Exercise:
Would you please repeat the data that follows, exactly as it reads?

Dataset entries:
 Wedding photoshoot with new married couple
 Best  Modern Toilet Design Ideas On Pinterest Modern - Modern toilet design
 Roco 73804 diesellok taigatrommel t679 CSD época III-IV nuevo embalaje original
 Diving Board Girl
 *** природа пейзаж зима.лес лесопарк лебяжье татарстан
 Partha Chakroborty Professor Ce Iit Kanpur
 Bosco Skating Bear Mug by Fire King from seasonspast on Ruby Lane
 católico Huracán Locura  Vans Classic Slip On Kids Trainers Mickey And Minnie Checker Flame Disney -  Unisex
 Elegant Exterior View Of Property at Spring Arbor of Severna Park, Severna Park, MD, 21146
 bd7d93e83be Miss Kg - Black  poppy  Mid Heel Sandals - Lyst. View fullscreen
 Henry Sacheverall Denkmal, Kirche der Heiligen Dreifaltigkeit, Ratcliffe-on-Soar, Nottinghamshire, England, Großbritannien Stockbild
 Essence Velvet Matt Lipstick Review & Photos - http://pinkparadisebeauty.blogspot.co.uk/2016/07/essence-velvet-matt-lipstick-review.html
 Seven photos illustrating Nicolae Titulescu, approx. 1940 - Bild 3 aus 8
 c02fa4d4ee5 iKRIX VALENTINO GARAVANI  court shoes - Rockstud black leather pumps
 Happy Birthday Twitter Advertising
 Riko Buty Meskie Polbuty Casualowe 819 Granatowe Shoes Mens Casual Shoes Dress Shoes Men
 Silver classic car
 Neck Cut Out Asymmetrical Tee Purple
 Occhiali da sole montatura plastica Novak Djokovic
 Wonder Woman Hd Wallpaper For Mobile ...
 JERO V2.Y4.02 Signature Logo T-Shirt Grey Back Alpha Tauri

Answer space:
 Wedding photoshoot with new married couple
 Best  Modern Toilet Design Ideas On Pinterest Modern - Modern toilet design
 Roco 73804 diesellok taigatrommel t679 CSD época III-IV nuevo embalaje original
 Diving Board Girl
 *** природа пейзаж зима.лес лесопарк лебяжье татарстан
 Partha Chakroborty Professor Ce Iit Kanpur
 Bosco Skating Bear Mug by Fire King from seasonspast on Ruby Lane
 católico Huracán Locura  Vans Classic Slip On Kids Trainers Mickey And Minnie Checker Flame Disney -  Unisex
 Elegant Exterior View Of Property at Spring Arbor of Severna Park, Severna Park, MD, 21146
 bd7d93e83be Miss Kg - Black  poppy  Mid Heel Sandals - Lyst. View fullscreen
 Henry Sacheverall Denkmal, Kirche der Heiligen Dreifaltigkeit, Ratcliffe-on-Soar, Nottinghamshire, England, Großbritannien Stockbild
 Essence Velvet Matt Lipstick Review & Photos - http://pinkparadisebeauty.blogspot.co.uk/2016/07/essence-velvet-matt-lipstick-review.html
 Seven photos illustrating Nicolae Titulescu, approx. 1940 - Bild 3 aus 8
 c02fa4d4ee5 iKRIX VALENTINO GARAVANI  court shoes - Rockstud black leather pumps
 Happy Birthday Twitter Advertising
 Riko Buty Meskie Polbuty Casualowe 819 Granatowe Shoes Mens Casual Shoes Dress Shoes Men
 Silver classic car
 Neck Cut Out Asymmetrical Tee Purple
 Occhiali da sole montatura plastica Novak Djokovic
 Wonder Woman Hd Wallpaper For Mobile ...
 JERO V2.Y4.02 Signature Logo T-Shirt Grey Back Alpha Tauri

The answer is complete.